In the meantime, the Airport Authority is working on a transit plan to make commutes to Lindbergh easier and more efficient. Options include adding a nonstop express bus route from the Old Town Transit Center and developing remote check-in terminals along Interstate I-15 and I-805 that would operate in conjunction with the express bus service.
Travelers who want to learn more about what's planned can sign up for tours of the airport. Explanatory meetings are continuing around the county: Tuesday at the San Marcos Community Center, 3 Civic Center Drive; Thursday at the La Mesa Community Center, 4957 Memorial Drive; Nov. 14 at the Salvation Army Kroc Center, 6845 University Ave.; and Nov. 15 at the Valencia Park/Malcolm X branch library, 5148 Market St. All meetings are planned for noon to 8 p.m.
Send written comments to: Airport Planning, San Diego County Regional Airport Authority, P.O. Box 82776, San Diego, CA 92138-2776. Comments can be faxed to (619) 400-2459. E-mail comments to firstname.lastname@example.org (Comments must be limited to 2,000 words -- with no attachments.)
Travel news beat
* Beginning Nov. 20, travelers 16 and older arriving in Japan will be electronically fingerprinted and photographed at immigration control. Anyone who refuses will be ordered to leave the country. To see a video explaining the procedure, go to nettv.gov-online.go.jp/prg/prg1203.html.
* BBC Worldwide, the commercial arm of the British Broadcasting Corp., has acquired Lonely Planet, best known for its guidebooks. Maureen and Tony Wheeler, who founded the company in 1972, will retain a 25 percent share of the company.

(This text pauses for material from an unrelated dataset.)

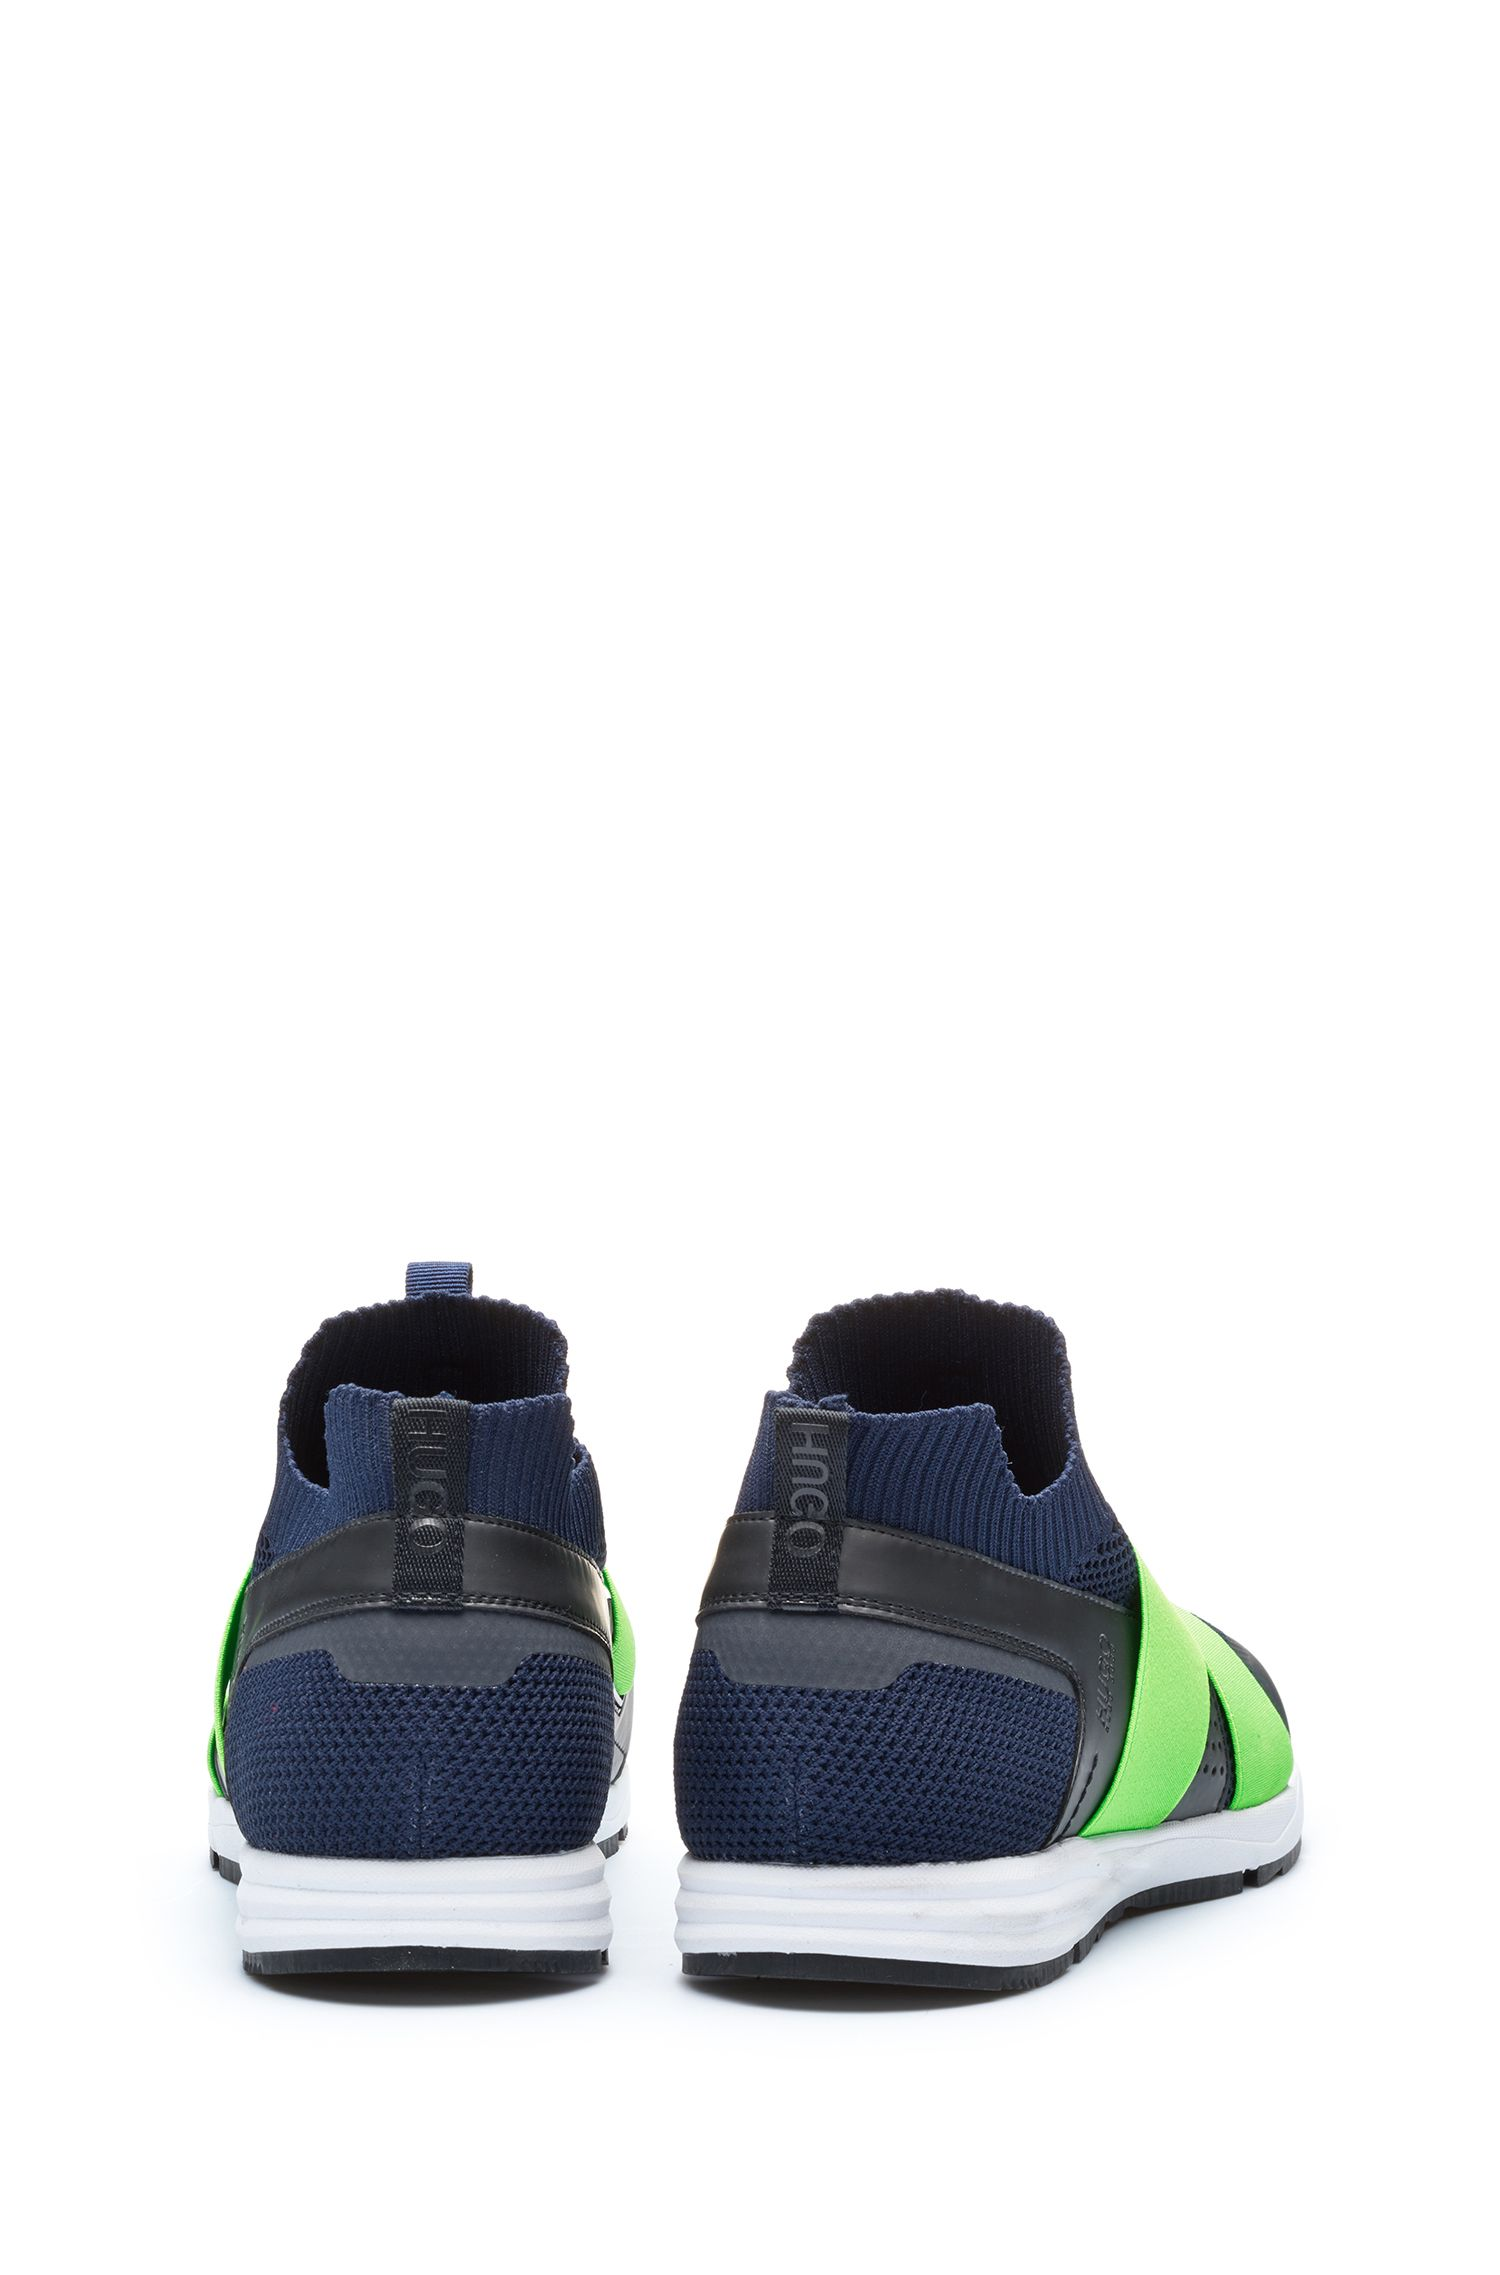 Slip-on hybrid sneakers with Vibram sole, Dark Blue

If you haven't logged on to the Union-Tribune's new online radio station yet, give a listen. At 11:30 a.m. Wednesdays, I talk travel with hosts Clark Anthony and Ken Copper. This week, I'll be reporting from Catalina -- which has fully recovered after a mid-May wildfire that charred 10 percent of the island. Log on at signonradio.com.
"My husband and I returned in mid-September from a vacation in Venice, Italy, and so we very much enjoyed the Oct. 14 story on the city. However, if most of the author's meals in Venice have been 'forgettable,' she needs to buy a copy of 'Chow! Venice: Savoring the Food and Wine of La Serenissima' by San Diego writer Shannon Essa and her co-author, Ruth Edenbaum (Wine Appreciation Guild $19.95). Using that and some of the restaurant suggestions in "Fodor's See It: Venice" (Fodor's $21.95), we had many wonderful meals during our two-week stay.
"A wonderful hotel in the heart of the San Marco district is the Residence Corte Grimani. The 15 spacious, spotless and comfortable apartments -- each with bedroom, one or two baths, and a living room/dining area/kitchen -- are a great value at rates ranging from 160 to 250 euros (about $226 to $354). This is less than many hotels charge for just a room. Read the glowing five-star reviews on the hotel at tripadvisor.com.